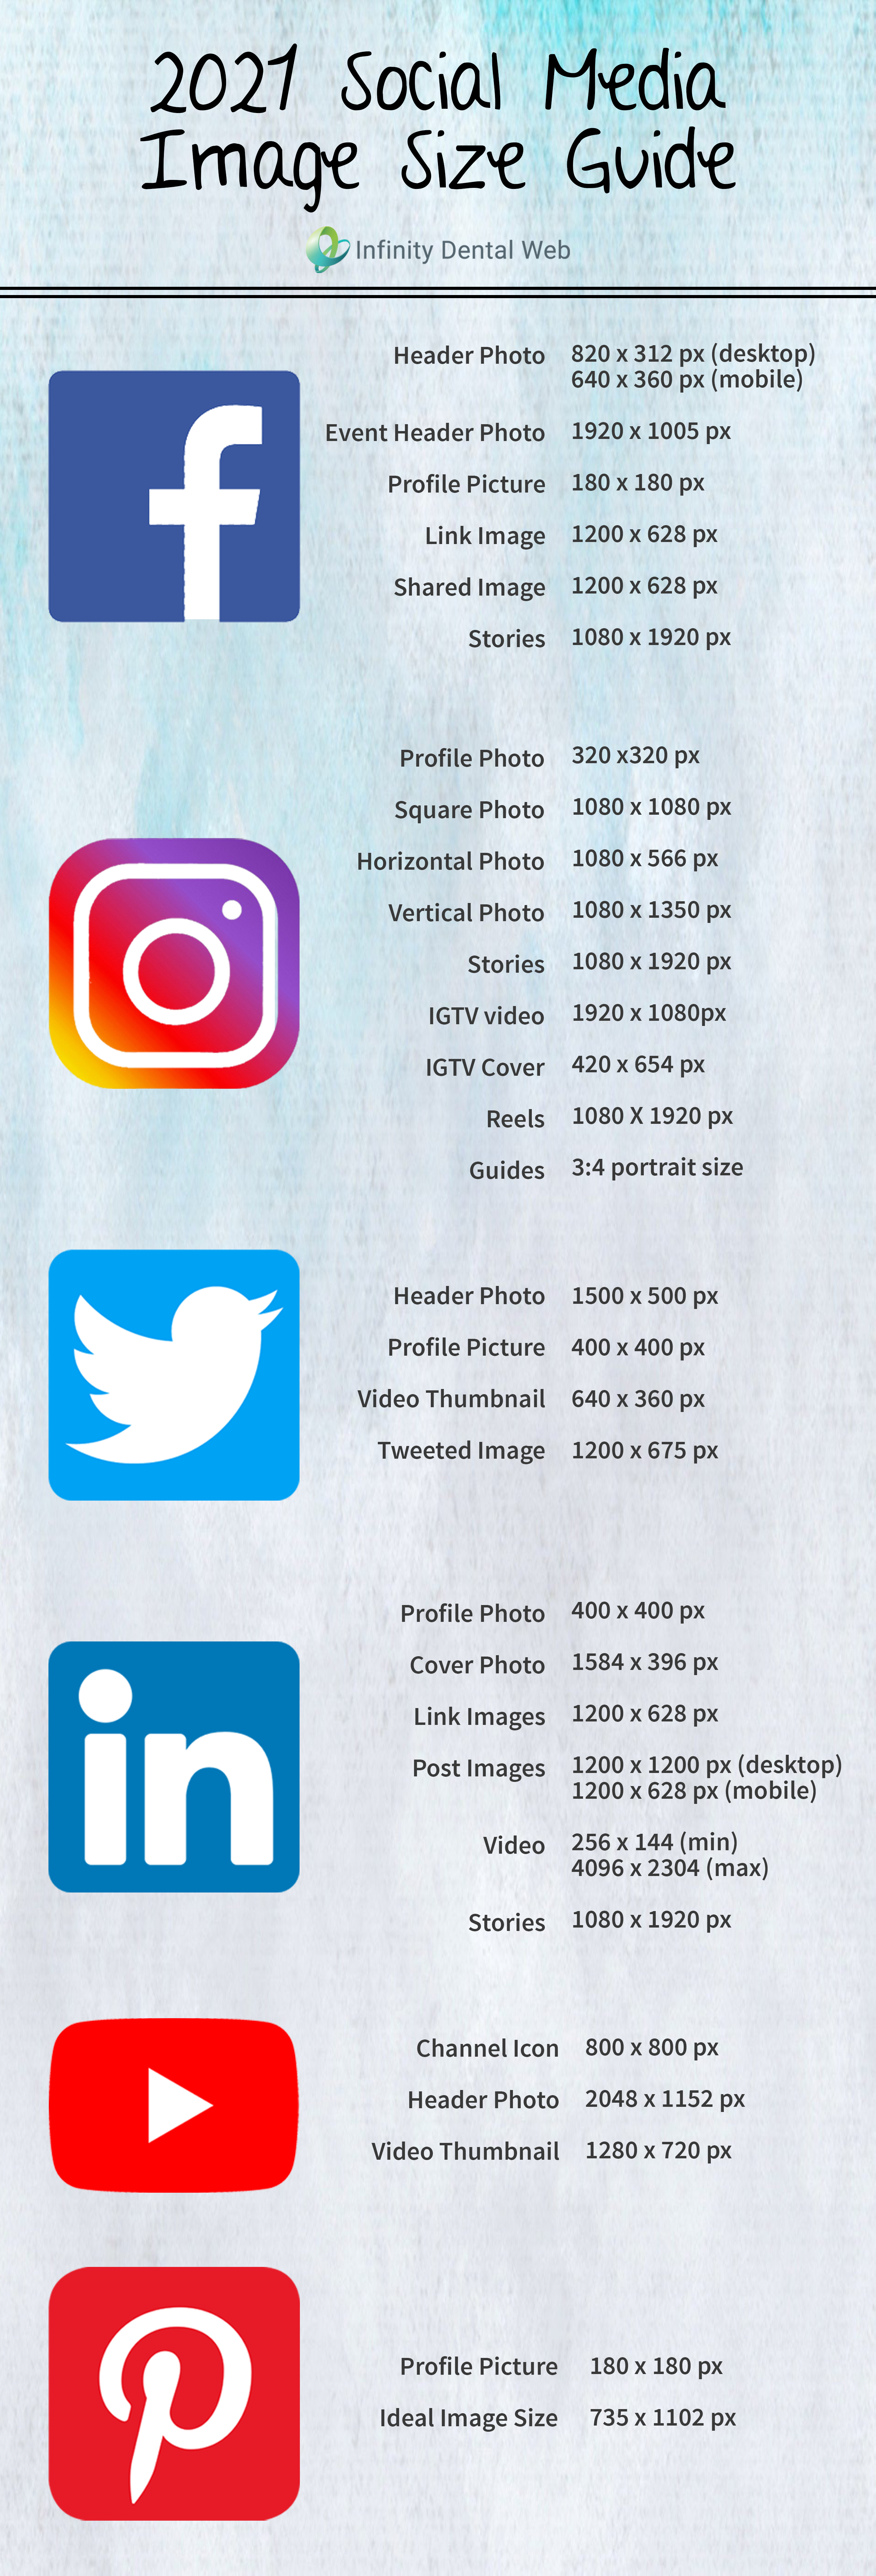 2021 Social Media Image Size Guide
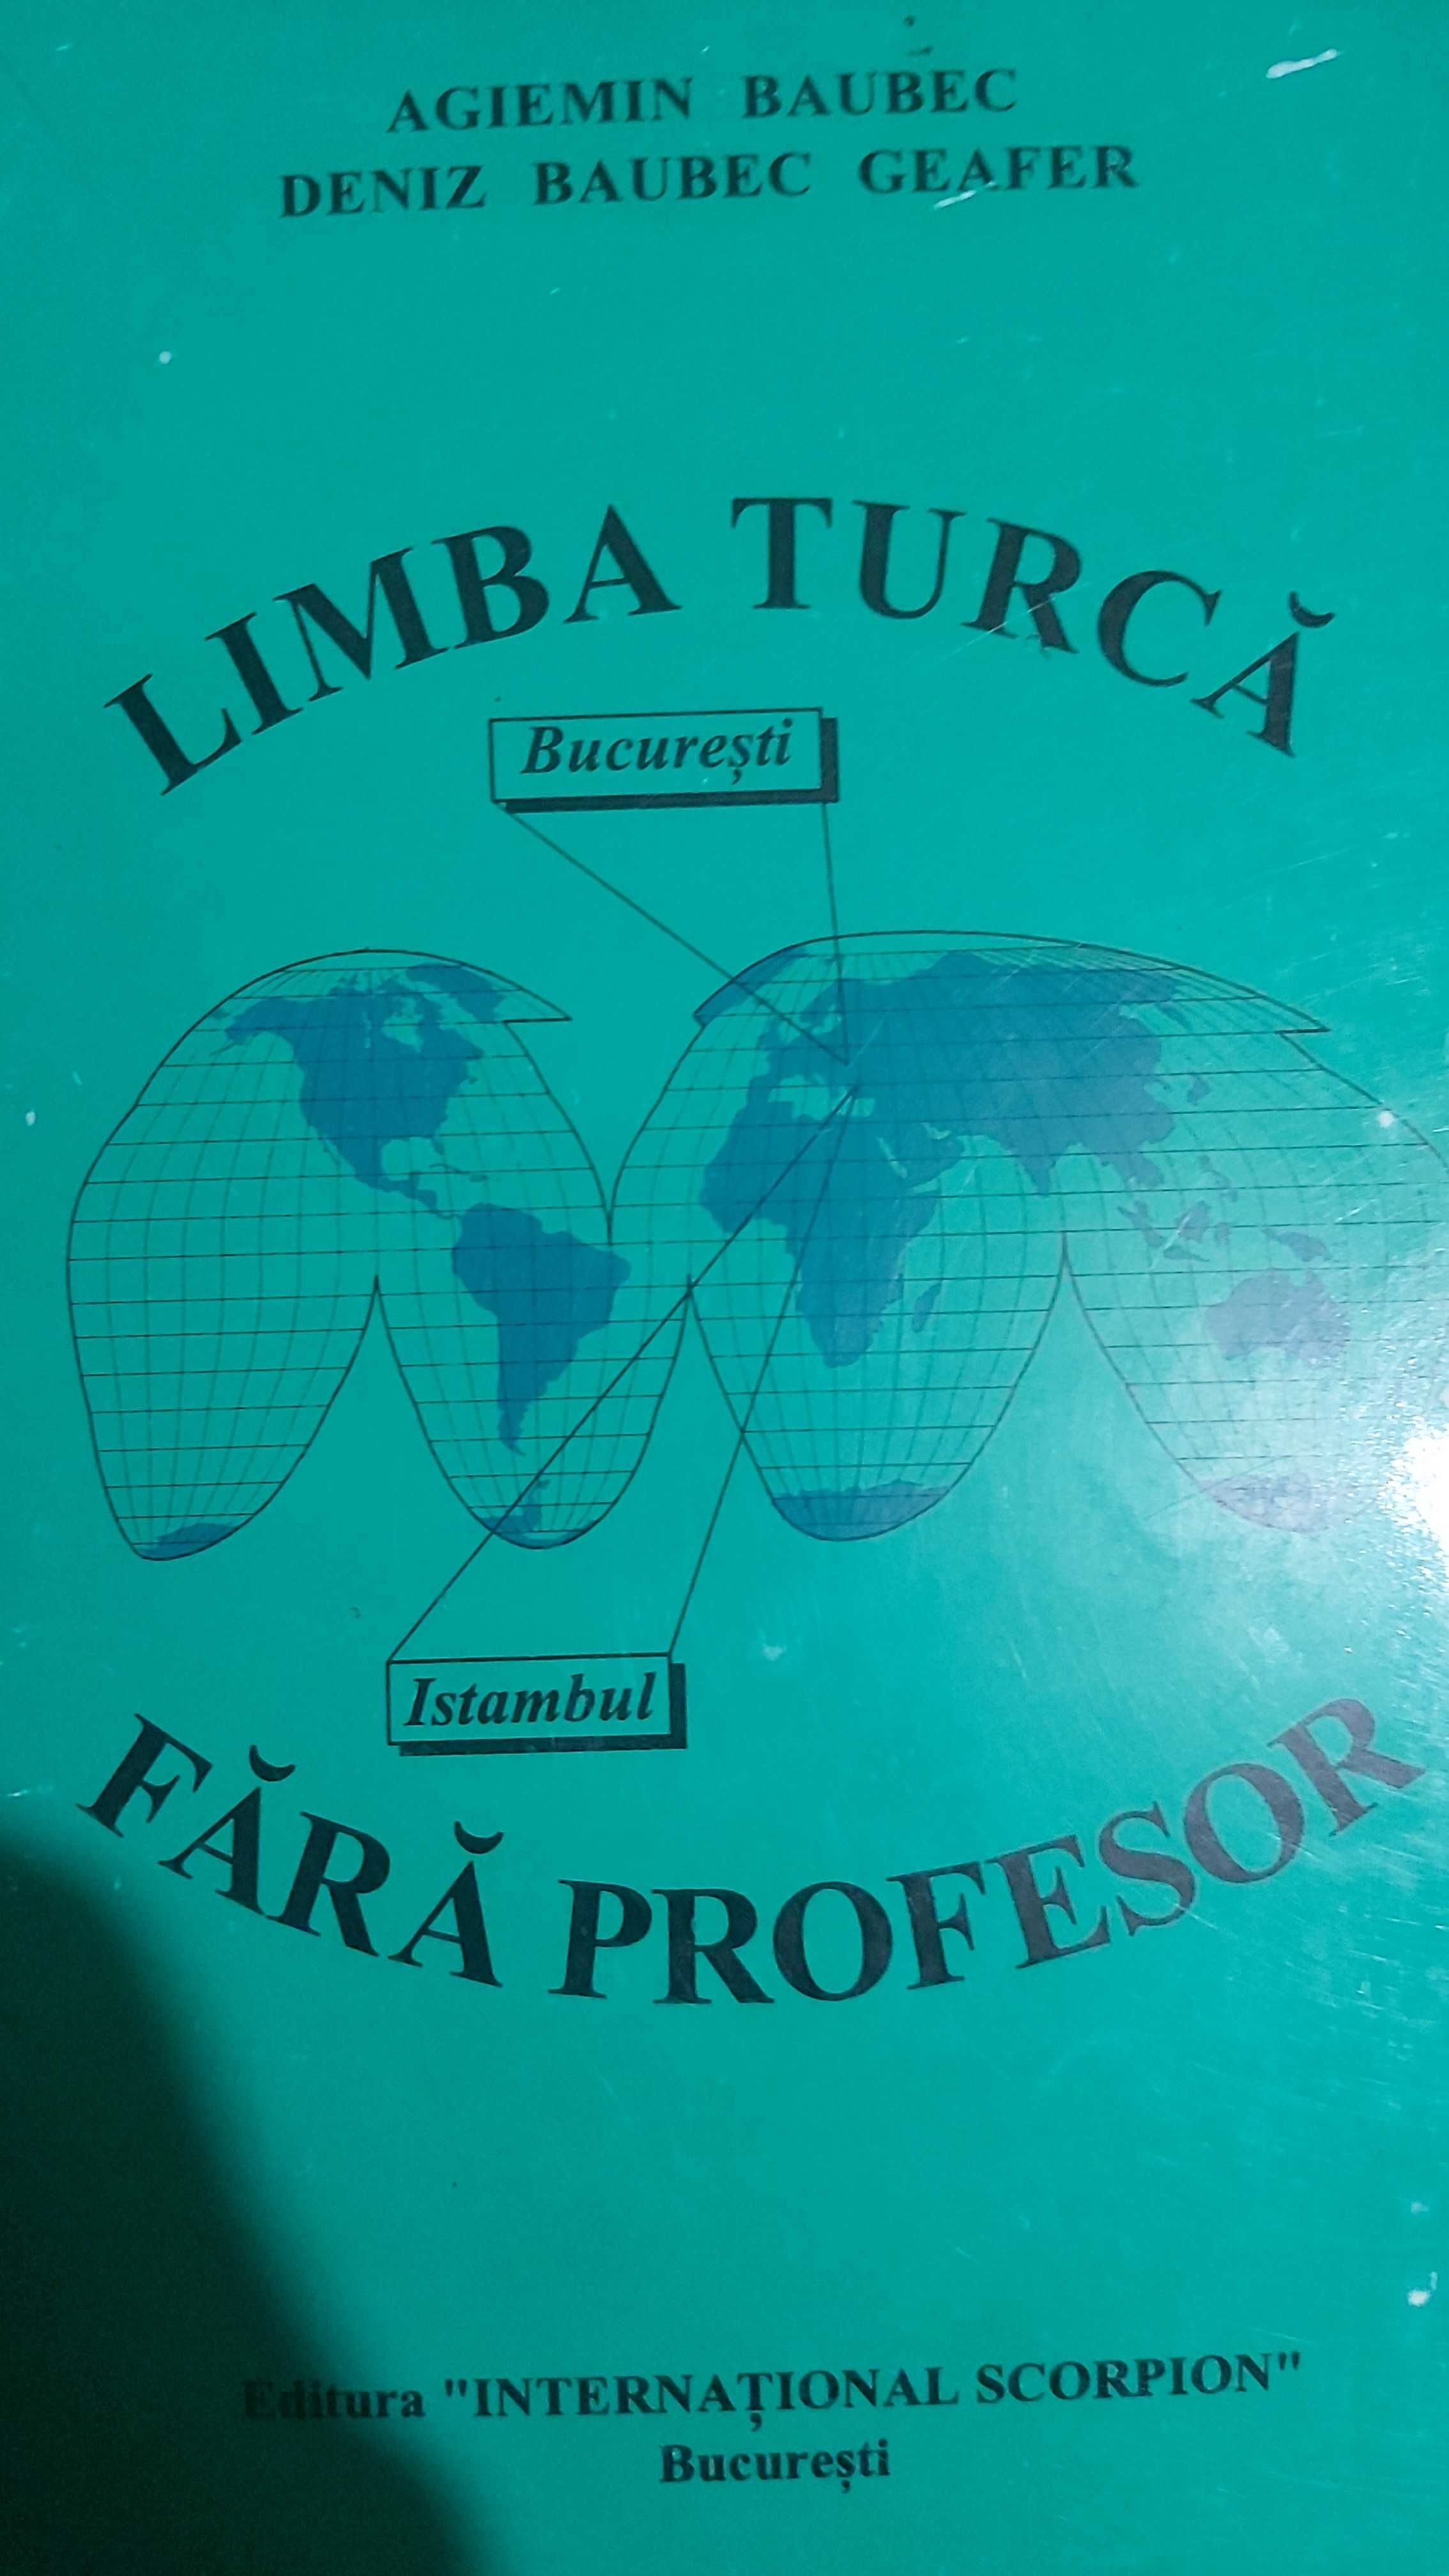 Limba turca fara profesor  Agiemin Baubec 1995
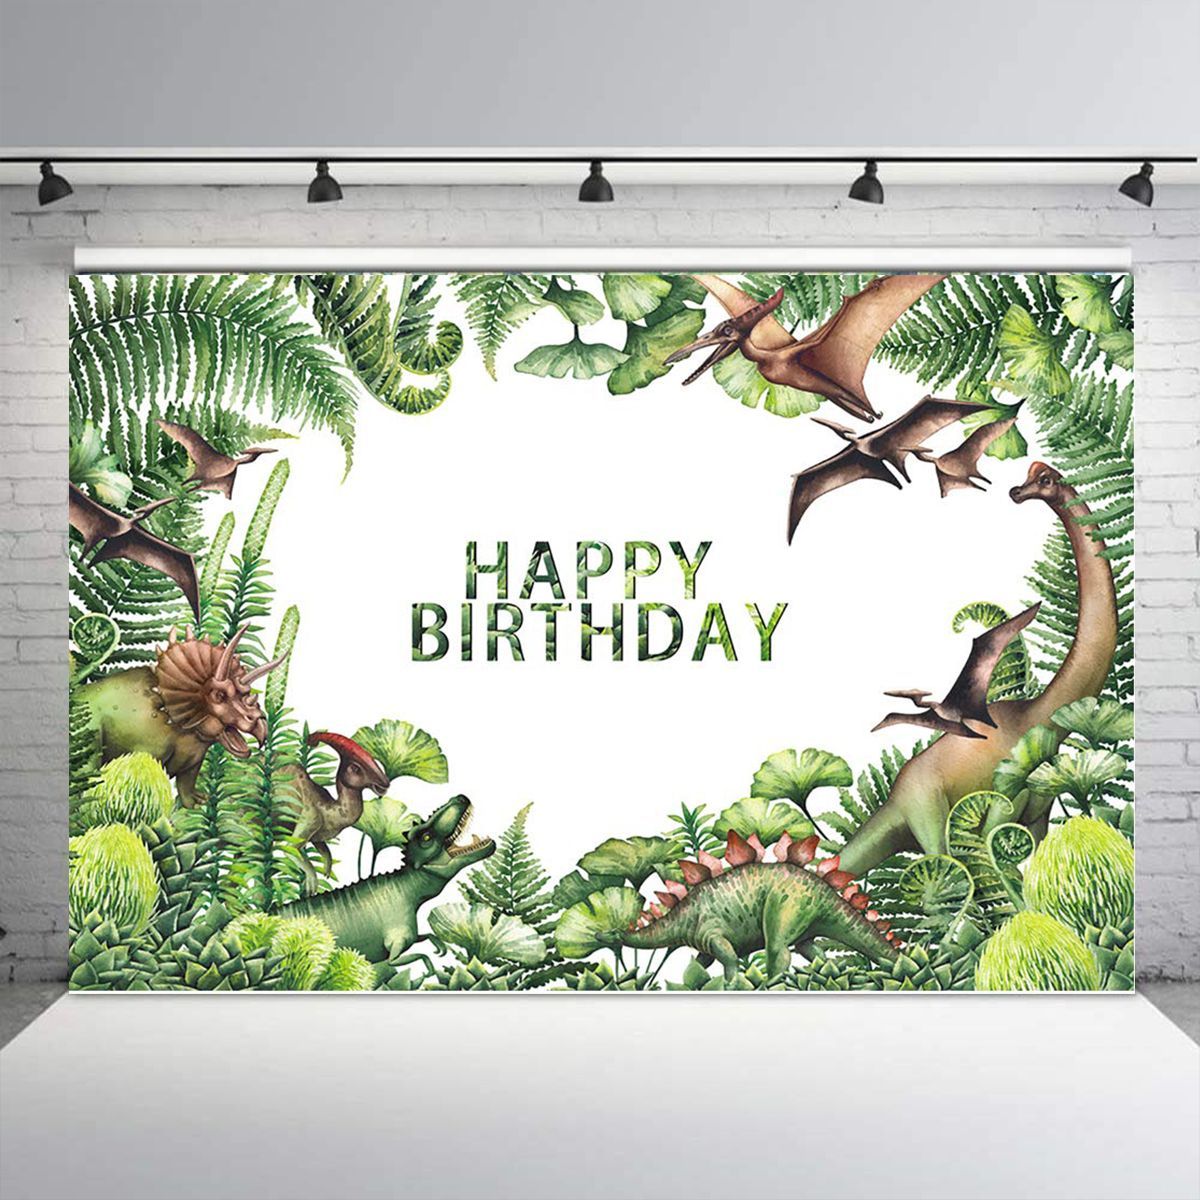 Dinosaur-Forest-Theme-Birthday-Backdrop-Vinyl-Studio-Backdrop-Photography-Props-Photo-Background-Dec-1635645

→ TASK STATEMENT
Could you transcribe exactly the lines from the one with "Limba turca fara" through the end of the data, both ends included, and nothing else, skipping the pictures?

→ WRITTEN REPLY
 Limba turca fara profesor  Agiemin Baubec 1995
 Dinosaur-Forest-Theme-Birthday-Backdrop-Vinyl-Studio-Backdrop-Photography-Props-Photo-Background-Dec-1635645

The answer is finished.